We read a lot of papers. Most are incremental. A few change how we think about what is possible. Here are three from the second half of 2025 that have directly influenced how we build at [r]think and deetech.
We have included local copies of each paper so you can read them offline.
1. DINOv3: A Foundation Model for Unifying Vision
Meta FAIR, August 2025 · Read PDF · arXiv 2508.10104
DINOv3 is Meta's 7B parameter self-supervised vision foundation model, trained on 1.7 billion images. The headline result: for the first time, a purely self-supervised model beats weakly supervised approaches across the board on vision tasks -- image classification, object detection, segmentation, depth estimation, and more.
The architecture builds on the DINOv2 line but scales aggressively, combining a ViT-giant backbone with a distillation-based training recipe that extracts robust visual features without any labels. The features transfer directly to downstream tasks with minimal fine-tuning.

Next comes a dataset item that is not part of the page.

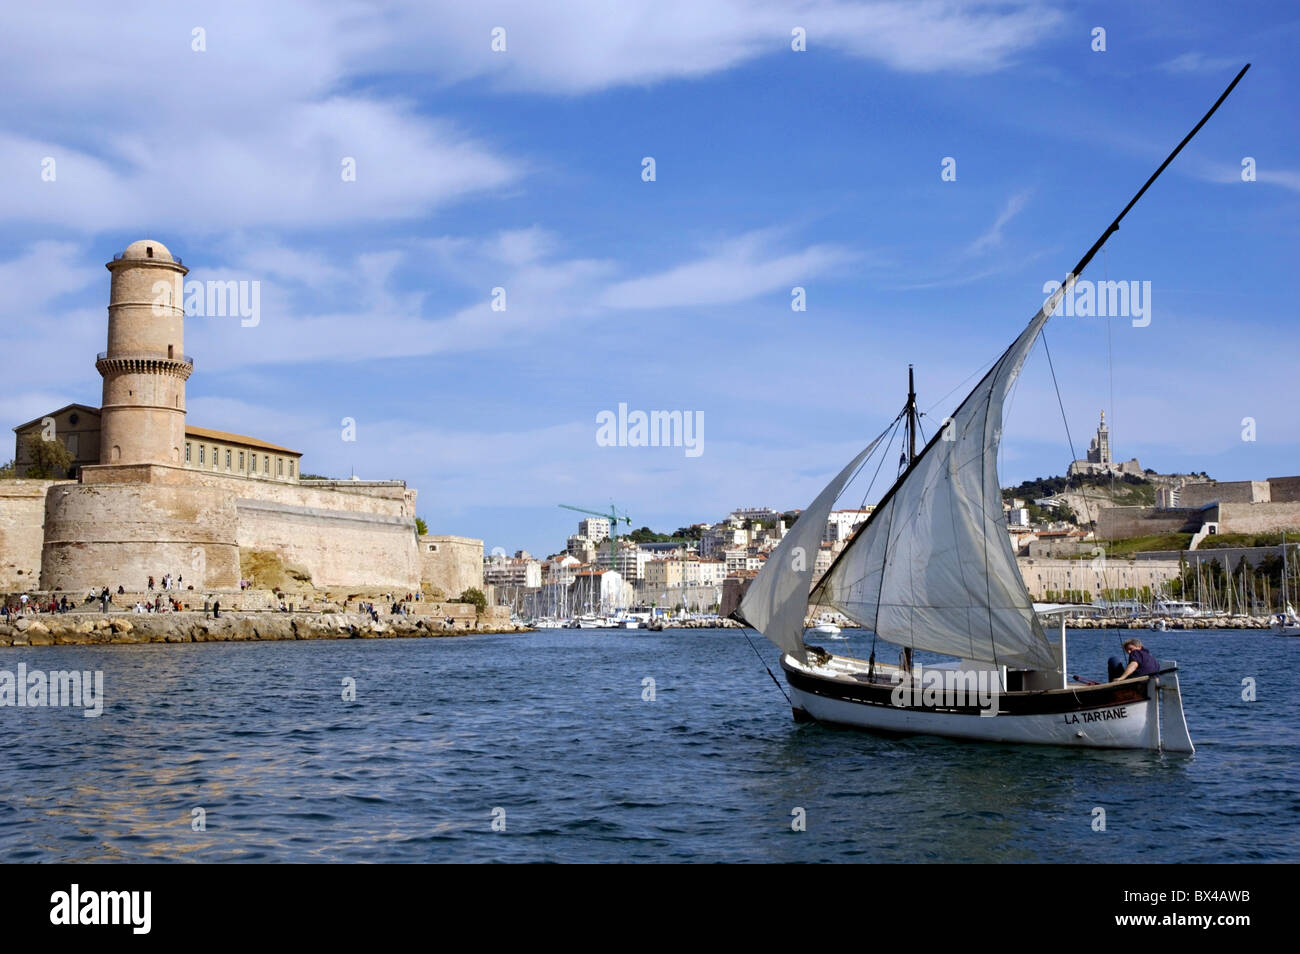 Man sailing in a yacht with Saint Jean Fort in the background, Marseille, France. Stock Photo

Why it matters to us: Vision foundation models are the backbone of any image analysis pipeline, including deepfake detection. DINOv3 proves that self-supervised pre-training at scale produces features that generalise better than supervised approaches. For deetech, this means richer visual representations to build detection on top of -- and the self-supervised nature means we are not limited by labelled deepfake datasets, which are always lagging behind the latest generators.
2. DeepSeek-V3.2
DeepSeek AI, December 2025 · Read PDF · arXiv 2512.02556
DeepSeek-V3.2 is the open-weights model that put frontier performance within reach of everyone. Using sparse attention and scalable reinforcement learning, it achieves performance comparable to GPT-5 class models while remaining open and runnable on reasonable hardware.
The architecture uses a mixture-of-experts design with efficient routing, combined with the reasoning capabilities pioneered in DeepSeek-R1. The training recipe combines supervised fine-tuning with reinforcement learning from verifiable rewards, building on the insight that RL can unlock reasoning capabilities that supervised training alone cannot.
Why it matters to us: Open frontier models change the economics of building AI products. When the base model is free and capable, the competitive advantage shifts entirely to domain expertise, data curation, and system design -- exactly where a focused venture studio has an edge over horizontal players. DeepSeek-V3.2 makes it even clearer that the moat is not the model. The moat is everything around it.
3. Small Language Models are the Future of Agentic AI
NVIDIA Research, September 2025 (revised) · Read PDF · arXiv 2506.02153
This NVIDIA paper makes a sharp argument: large language models are overkill for most agentic tasks. In agentic systems, models perform a small number of specialised tasks repetitively -- routing, tool selection, summarisation, extraction. These tasks do not require general-purpose conversational ability. Models under 10B parameters are not just sufficient, they are inherently more suitable and necessarily more economical.
The authors outline a general LLM-to-SLM conversion algorithm for agent workflows and argue that heterogeneous systems -- agents calling different sized models for different subtasks -- are the natural architecture. The paper has already accumulated over 100 citations.
Why it matters to us: At deetech, our detection pipeline is an agentic system. Images come in, get routed through preprocessing, analysed by detection models, results get formatted for the claims system. Most of these steps do not need a 70B model. They need a fast, reliable, purpose-built model that does one thing well. This paper validates the architecture we are already building: small, specialised models composed into a system, not one monolithic model trying to do everything.
The common thread
All three papers point in the same direction: capability is decoupling from scale. Self-supervised vision beats supervised. Open models match closed frontier. Small models outperform large ones at specialised tasks. You do not need the biggest model or the most compute to build products that work.
For a venture studio building AI products, this is the most important structural shift in the landscape. It means small teams with domain expertise and engineering discipline can build products that compete with (or outperform) what well-funded horizontal players build with brute force. That is the thesis we are building on.